The Great and Powerful Oz made good on a speech that he made, in a level of irony to match his level of arrogance, in the room that holds the original Constitution. In that speech, he announced that King George (George W. Bush for those of you that aren't long-time readers) was a bastard for violating the Constitution in the way that he had. Obama said that He would never act in such a way because of his Constitutional Law background. Then, without pause and within the exact same damning speech on bastards violating the Constitution, he announced his intention of passing a law allowing the indefinite detention of non-criminals anywhere in the world. "God help you if you get in the way of the 1% because I will make your ass disappear, Constitution-be-damned!" In December, without fanfare or ceremony or media coverage, Oz signed it into law.
At the same time Obama was signing NDAA, I was reading about SOPA while thinking, "I should write on my blog while it can still be found." On the surface, the act is supposed to protect copyright material but I haven't read anyone who believes either: 1. That's what it's supposed to do; or 2. It will work. Some people do believe that the original intention was to protect copyright material but even they don't think it will work. Maybe that's how it started but now it's more of a Trojan Horse to allow the government to make sites disappear.

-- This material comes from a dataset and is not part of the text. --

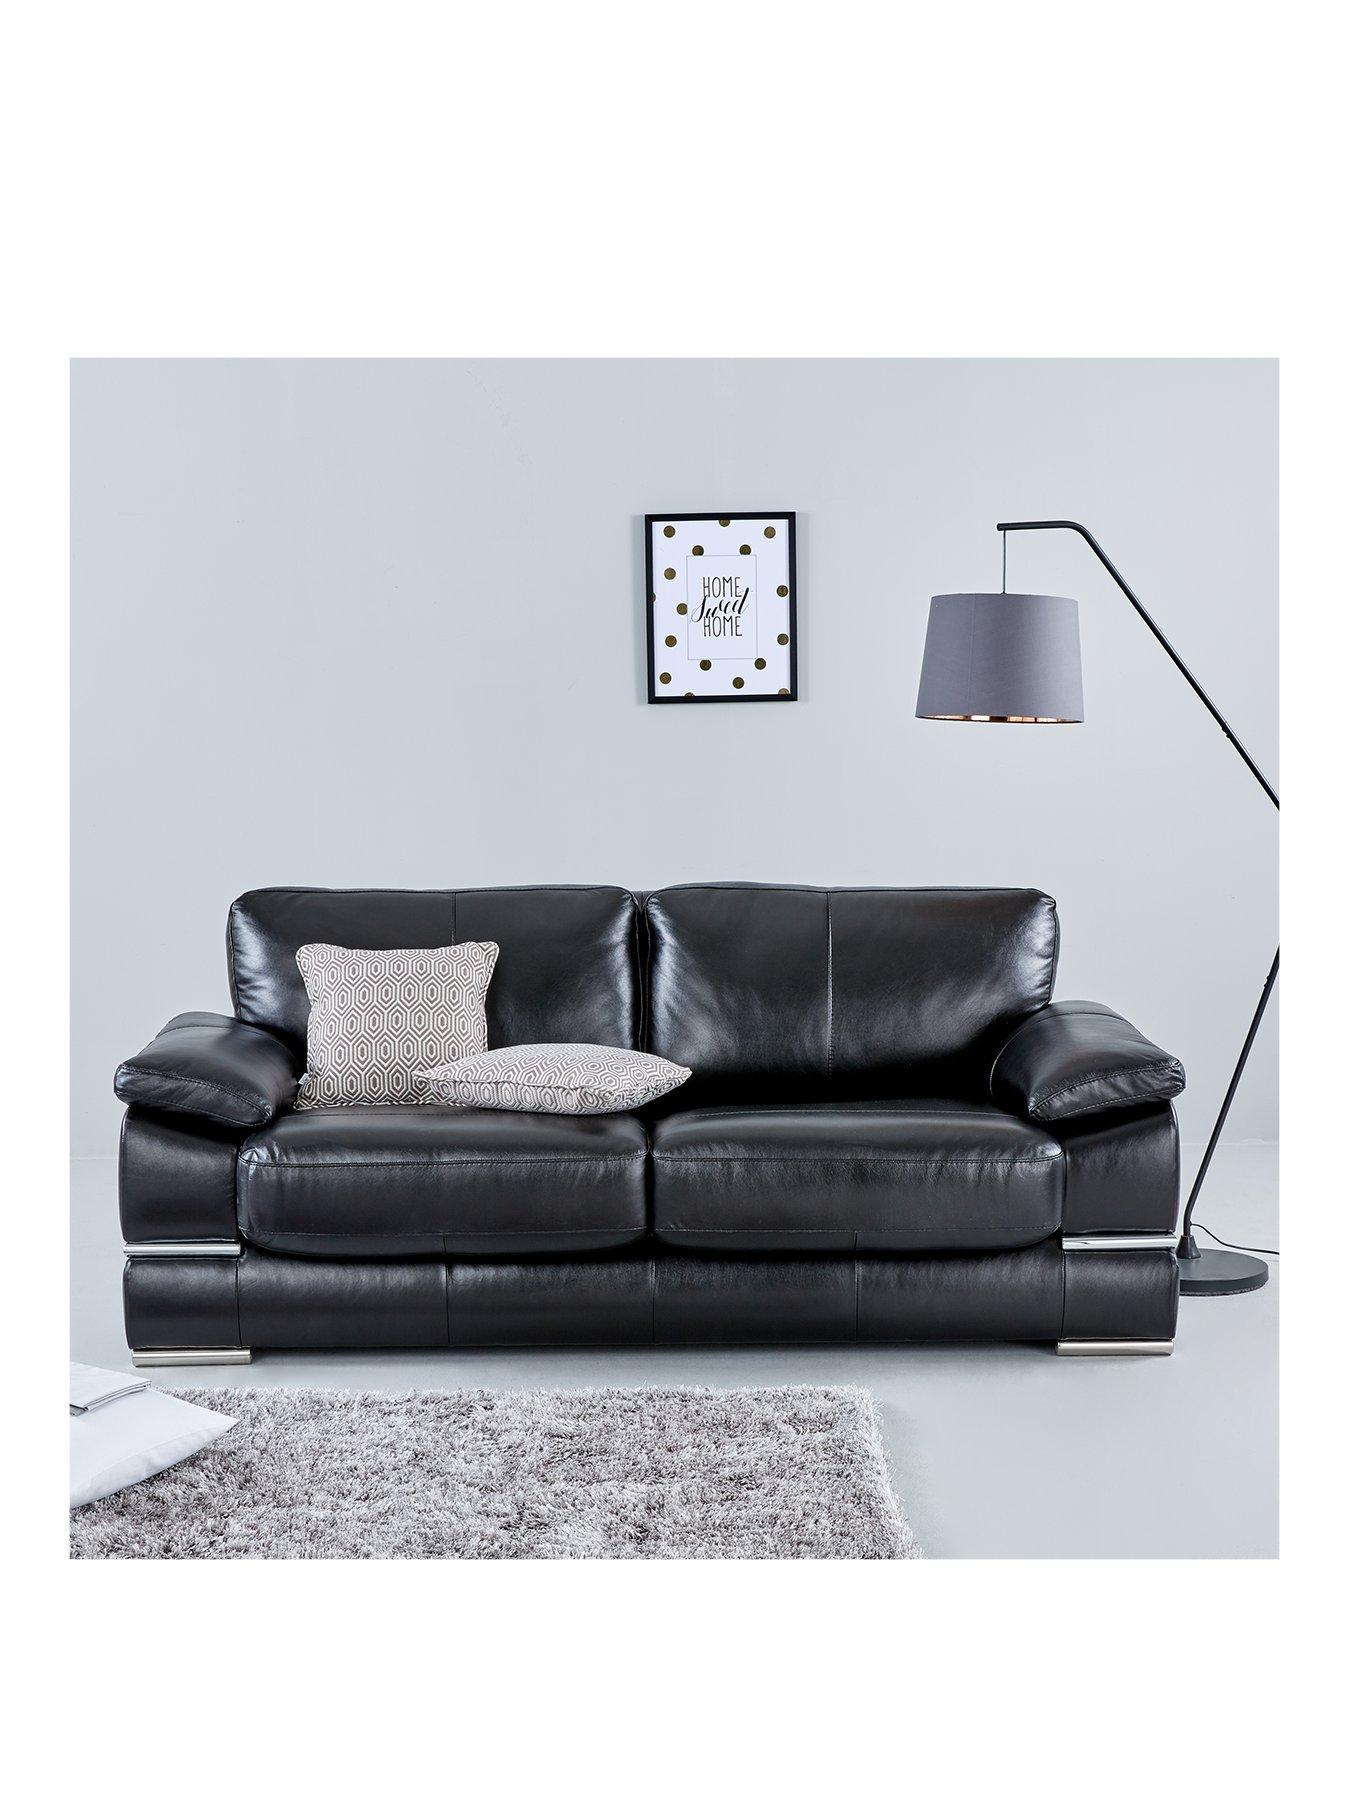 primo italian leather sofa bed

I'm starting to sense a pattern.
Making stuff disappear or violating rights?
SOPA will act contrary to what many Americans think of when it comes to law enforcement. If a person files a complaint against a web page, the entire web site will be disappeared (even if it contains 1,000 pages with no complaints). The site owner then will have to petition or fight or bribe people to get the action reversed. Guilty until proven you'll comply with what we say you're allowed to put on the Internets innocent will be the rule.
On the other side of the equation, it will be possible to use browsers that don't comply with the government restrictions or visit the sites directly if you know their address. However, it will probably be a felony to circumvent government restrictions on websites. Just like China, you could end up in prison for reading Wikileaks.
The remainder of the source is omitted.